--- Task prompt ---
Below is a listing; print exactly its lines from the one containing "Jerry's Holiday Super Specials" down to the one containing "GUESS Gradient Butterfly", both inclusive, with every picture left out.

Input records: Begin

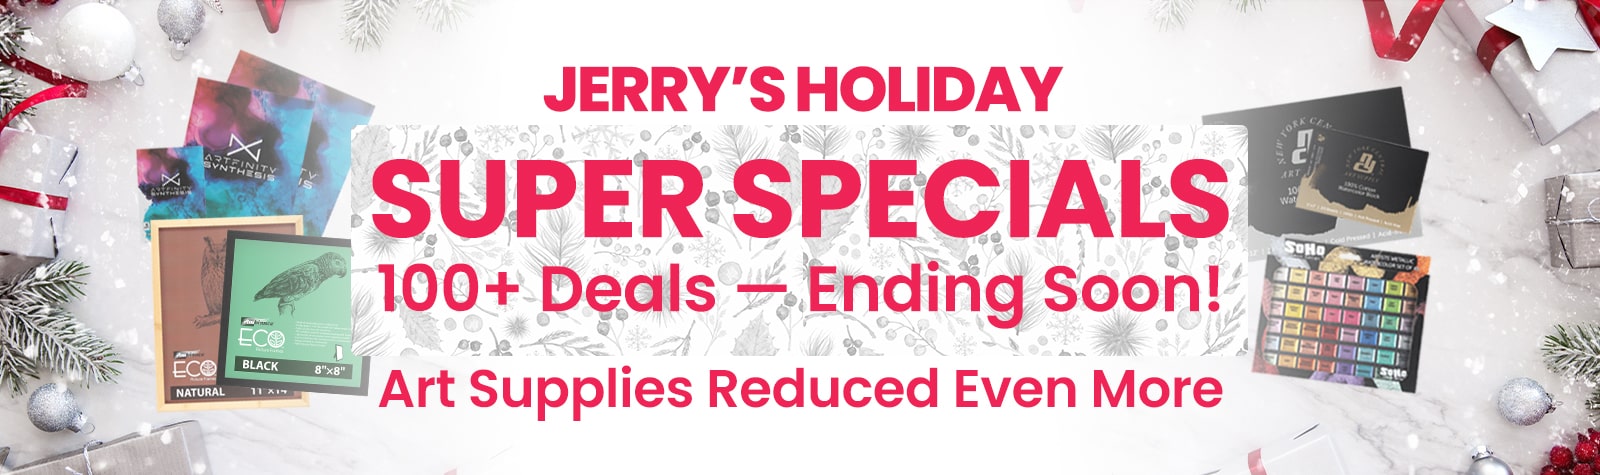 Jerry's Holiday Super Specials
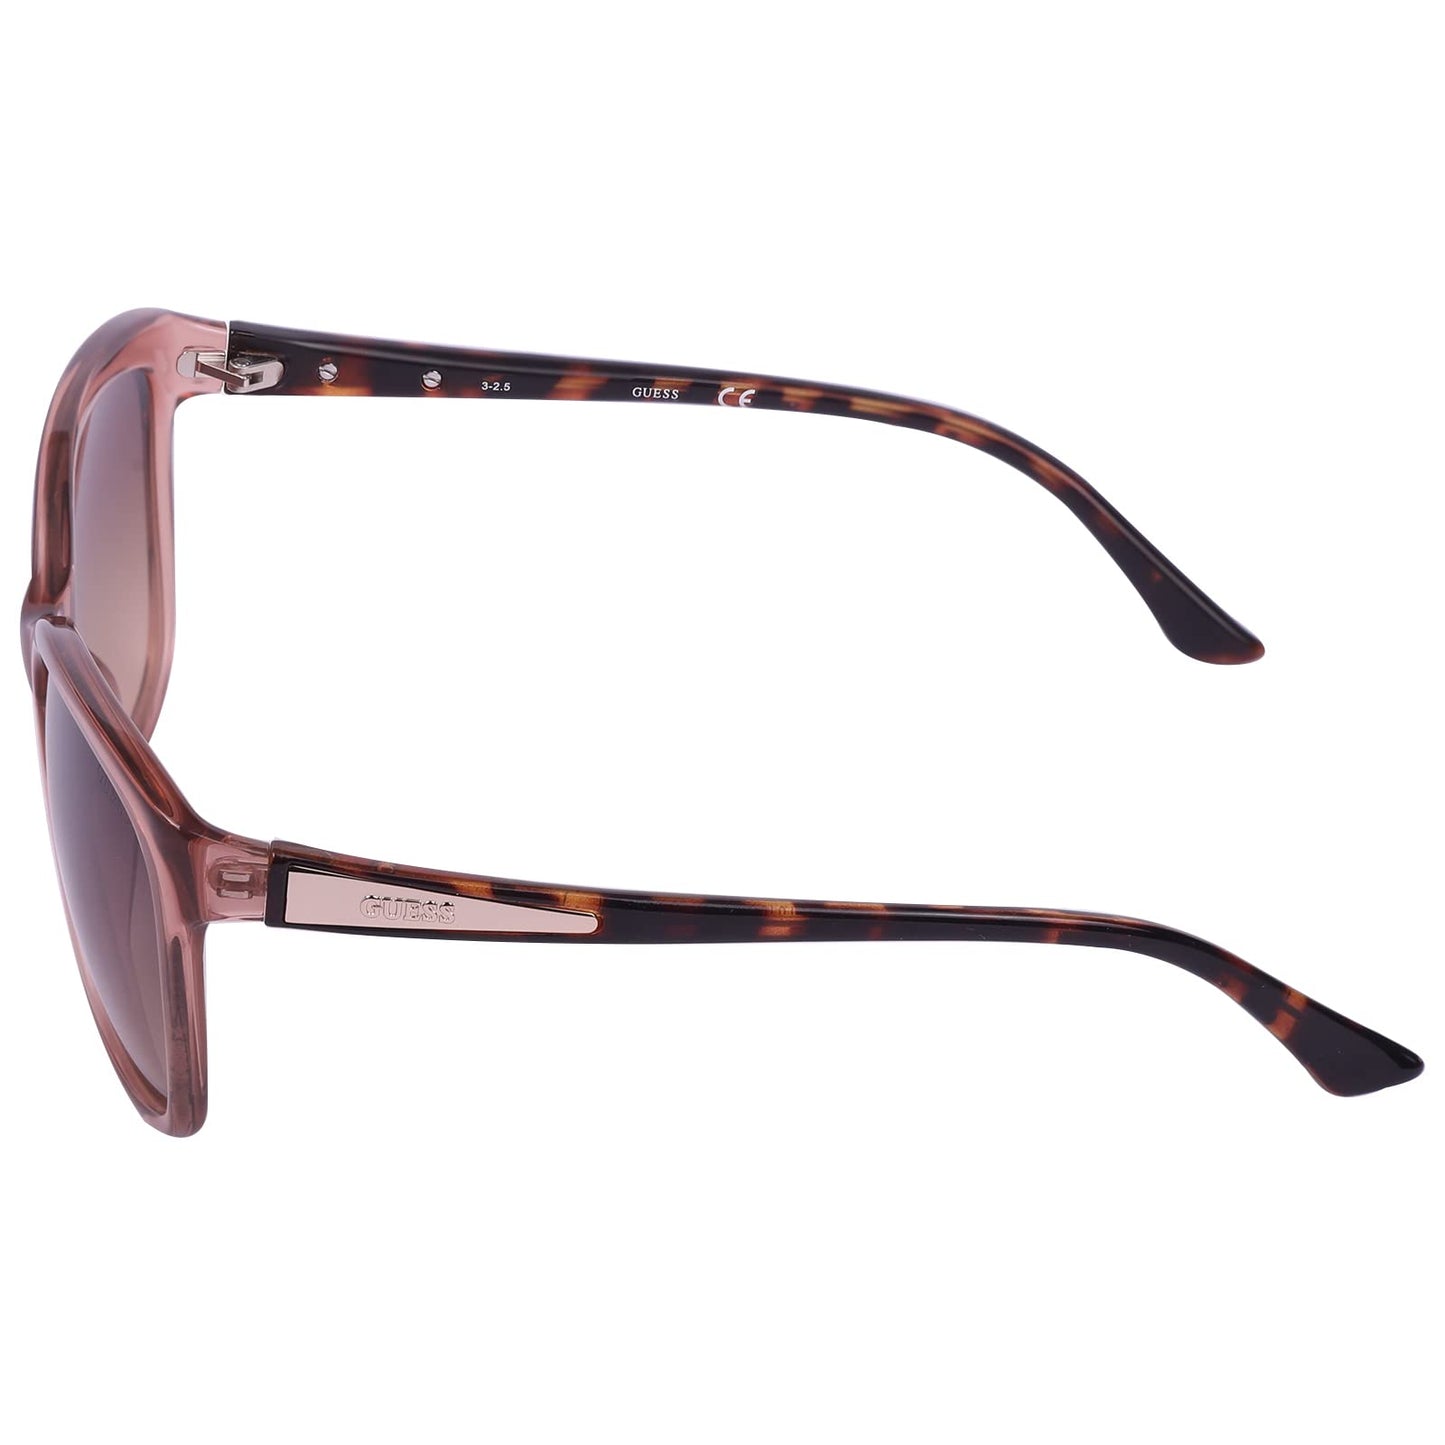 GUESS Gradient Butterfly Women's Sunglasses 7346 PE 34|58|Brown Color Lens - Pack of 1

Input records: End
Input records: Begin

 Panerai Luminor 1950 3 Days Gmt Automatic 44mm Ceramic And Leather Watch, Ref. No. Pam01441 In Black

Input records: End

--- Task answer ---
 Jerry's Holiday Super Specials
 GUESS Gradient Butterfly Women's Sunglasses 7346 PE 34|58|Brown Color Lens - Pack of 1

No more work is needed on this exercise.